Input data Start Marker

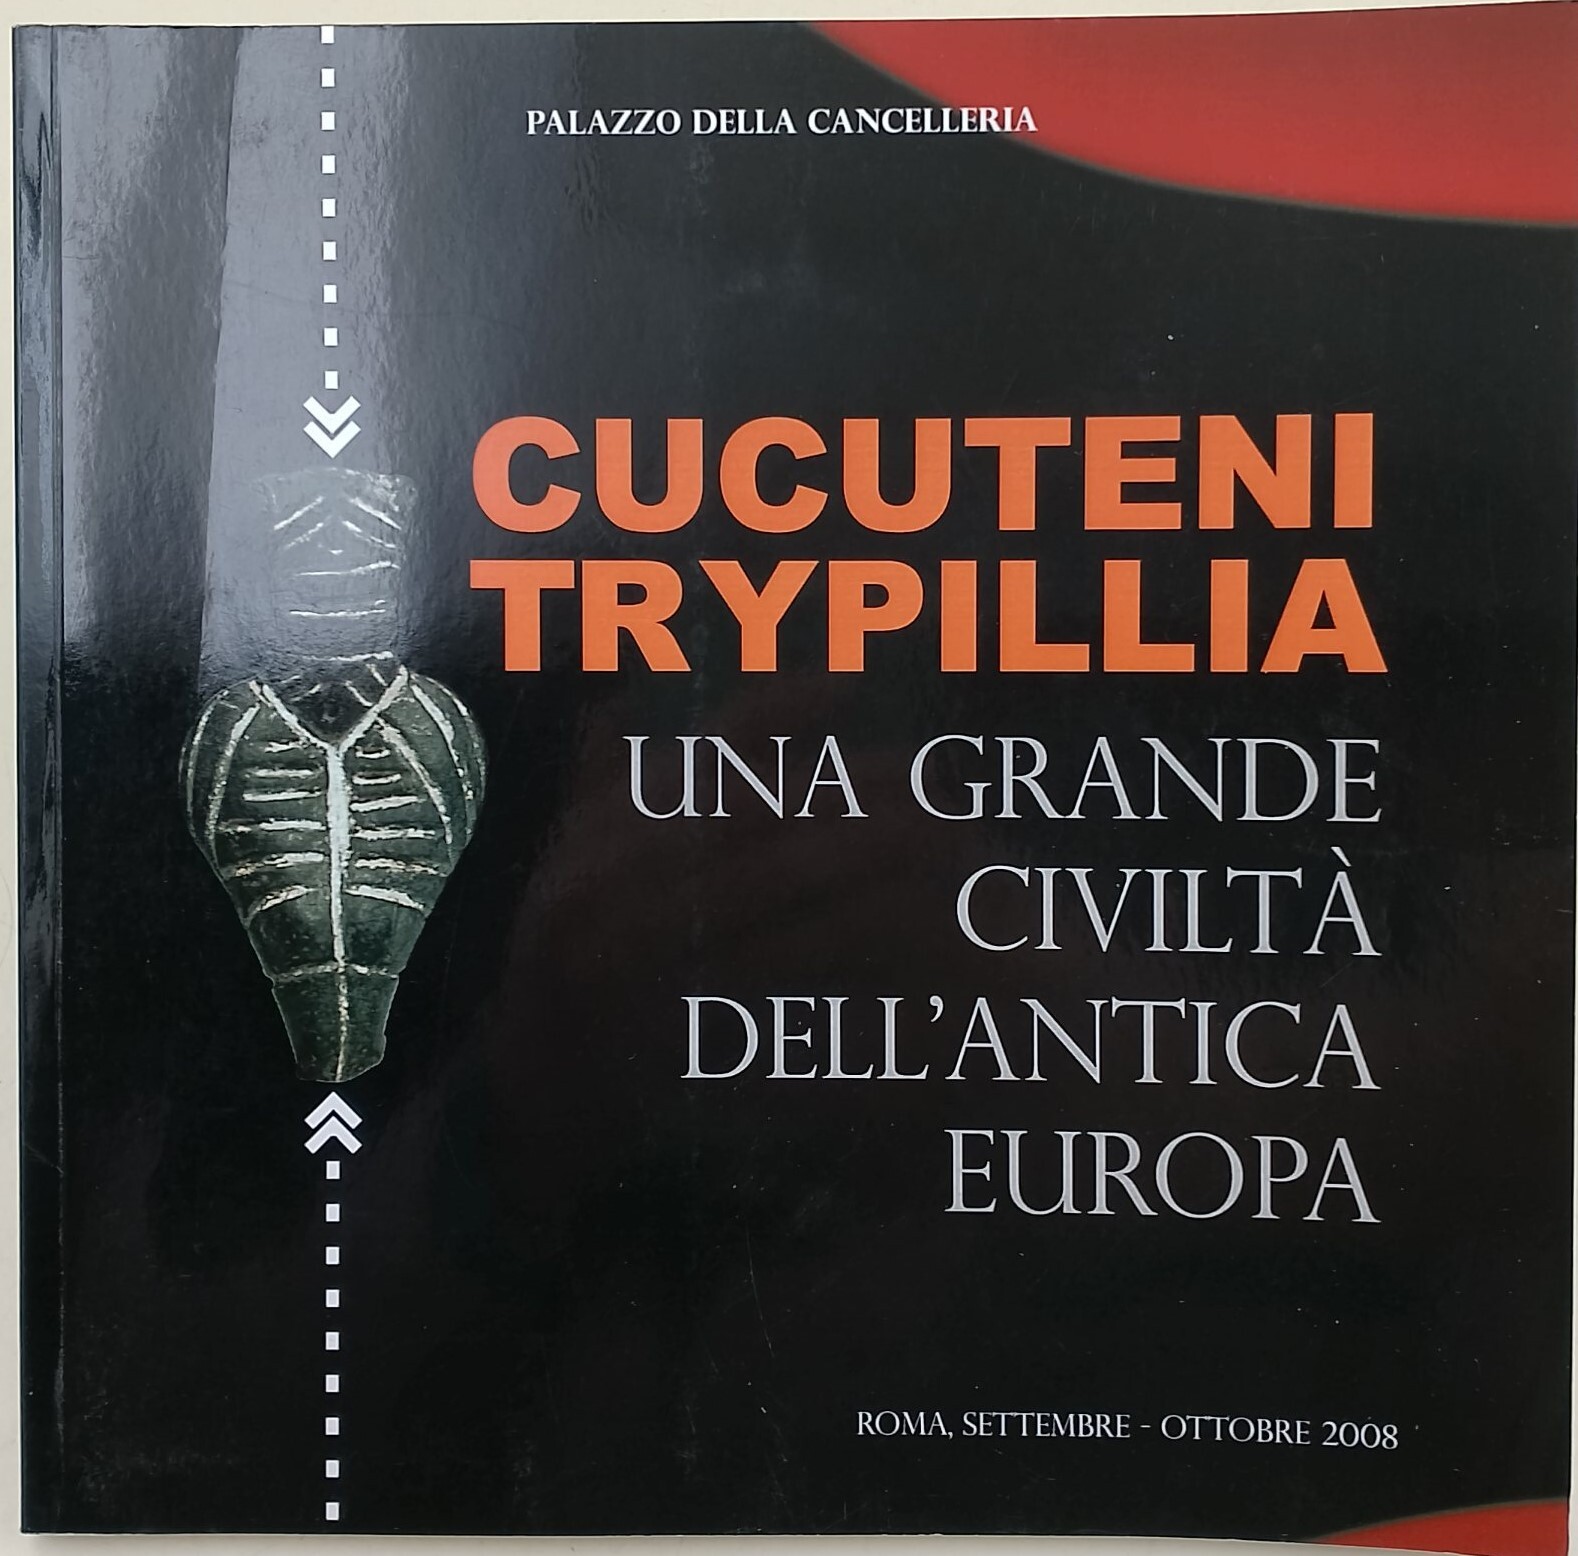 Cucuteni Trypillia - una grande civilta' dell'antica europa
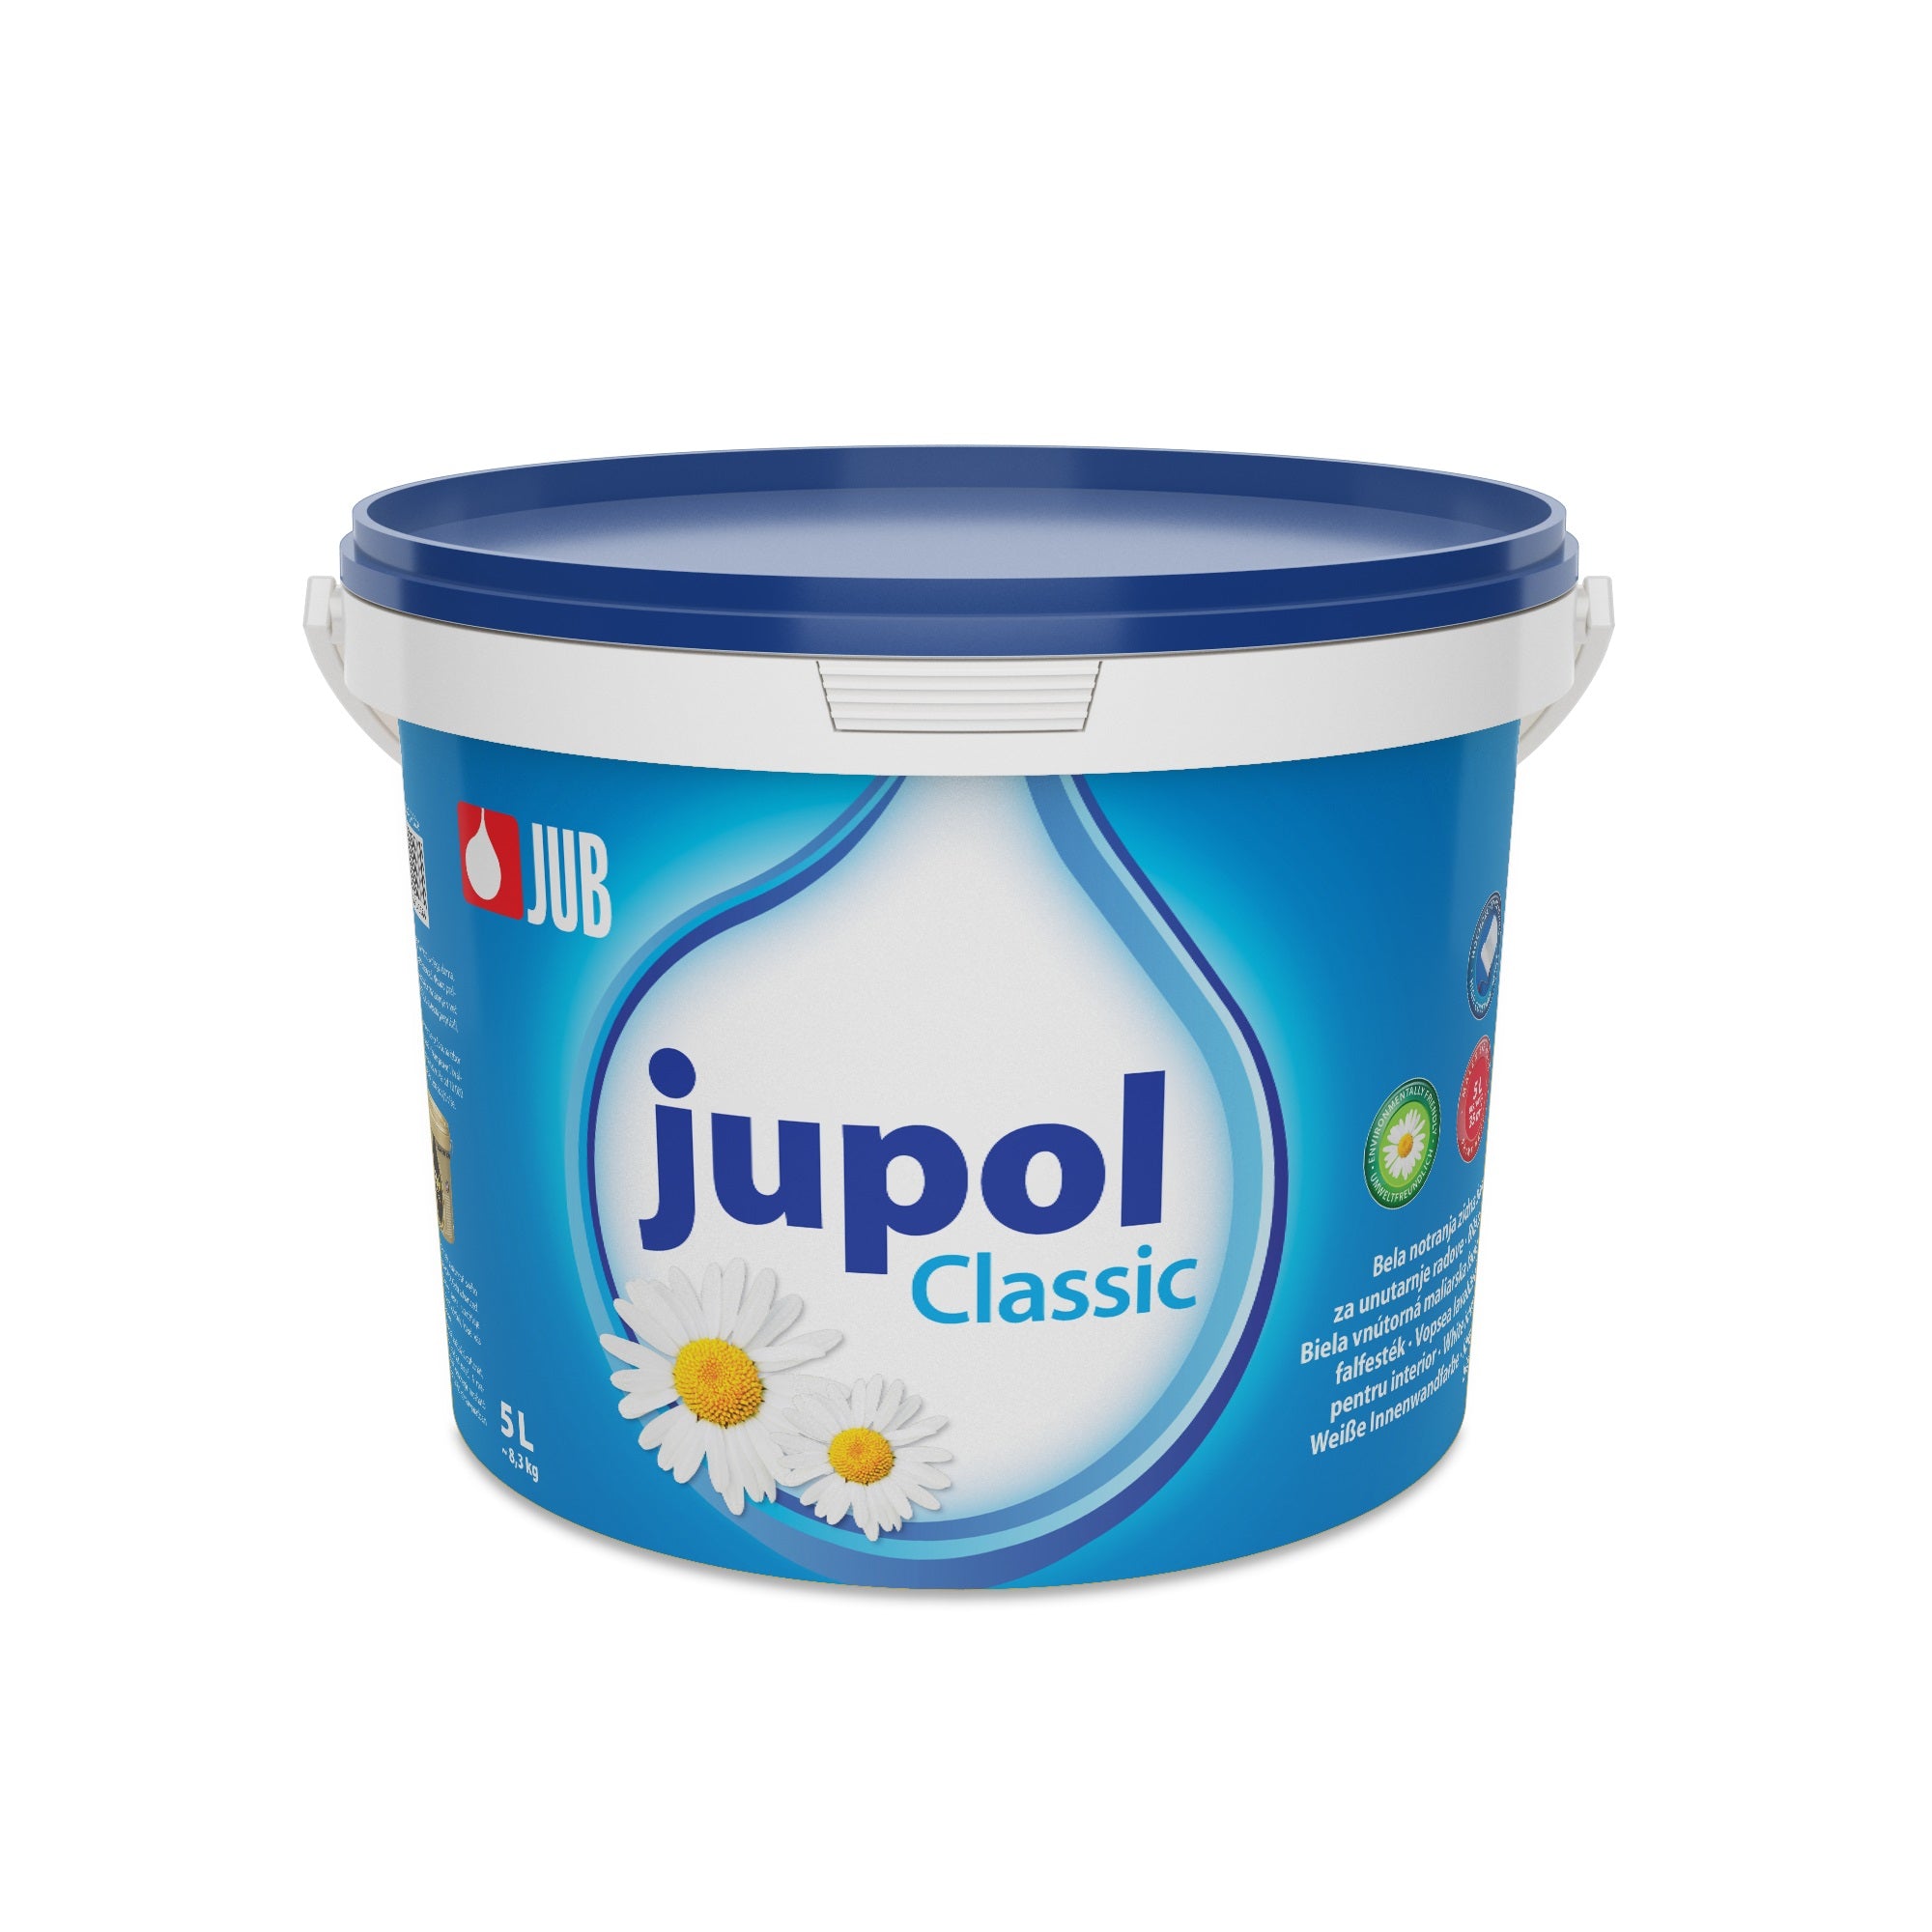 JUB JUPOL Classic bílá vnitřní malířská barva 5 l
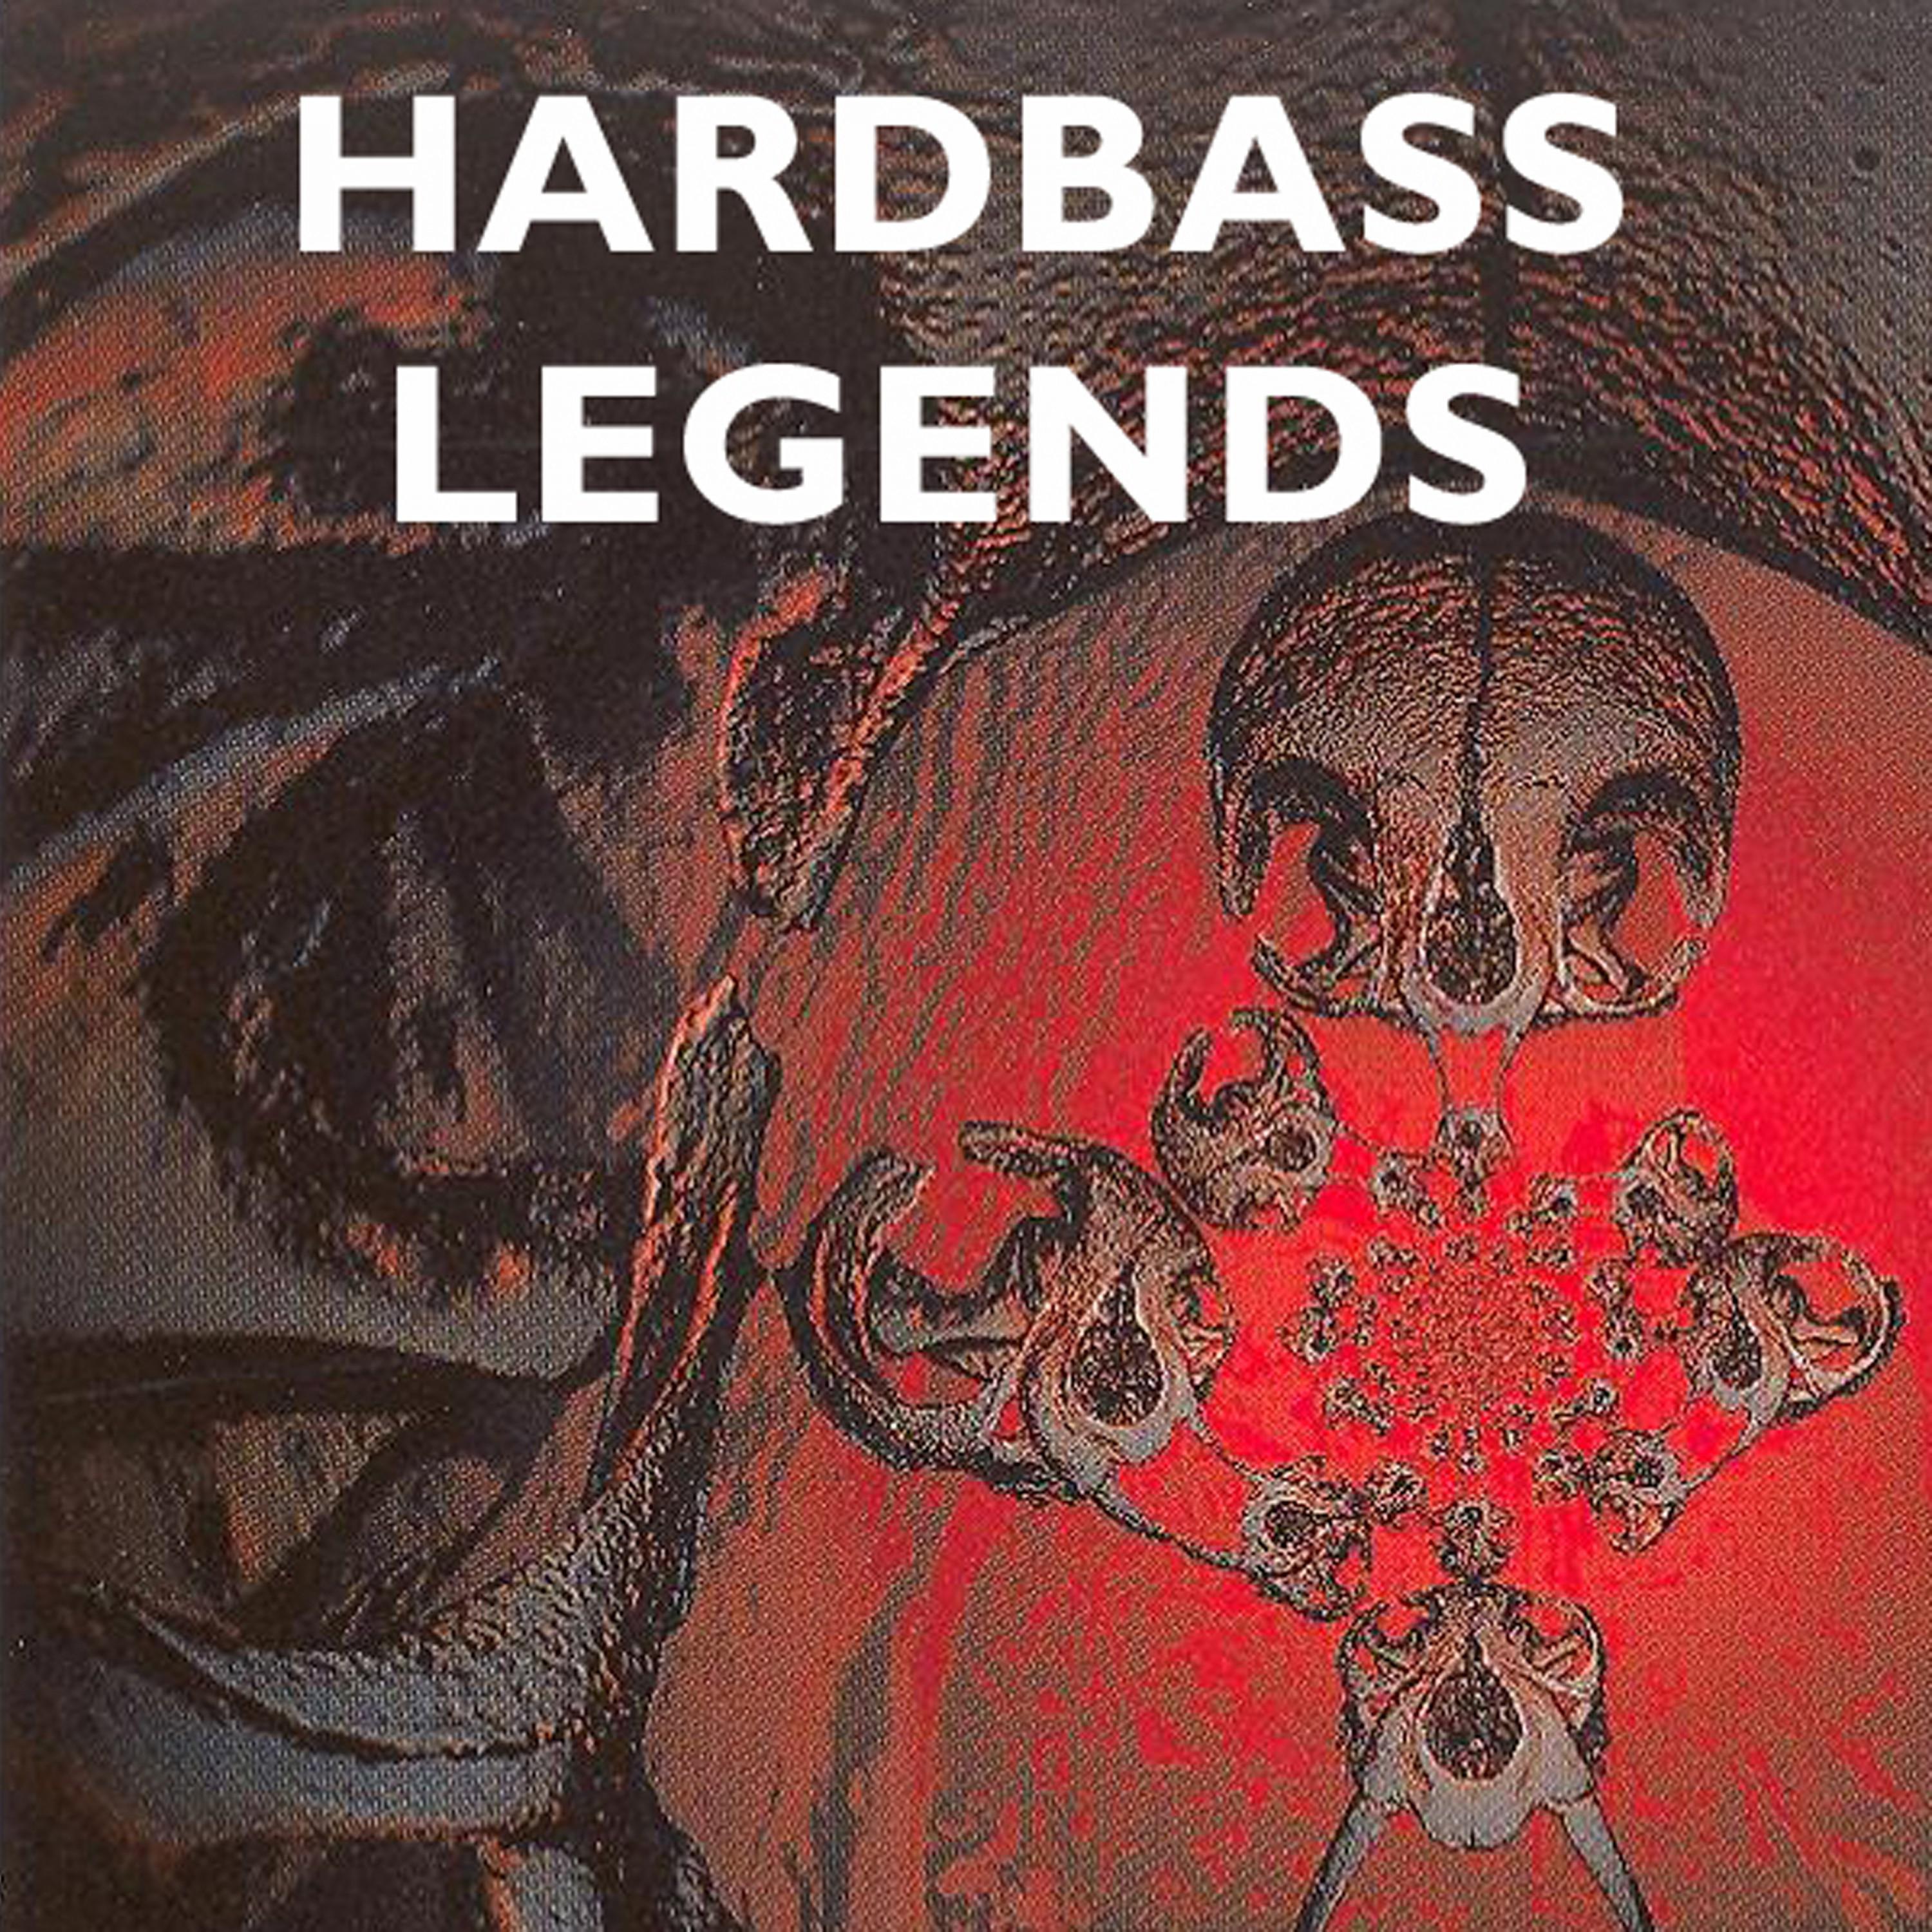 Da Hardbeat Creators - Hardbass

Input data End Marker

• **What needs to be done**: Word for word, repeat the lines of data above, omitting every picture.

• **Task solution**:
 Cucuteni Trypillia - una grande civilta' dell'antica europa
 JUB JUPOL Classic bílá vnitřní malířská barva 5 l
 Da Hardbeat Creators - Hardbass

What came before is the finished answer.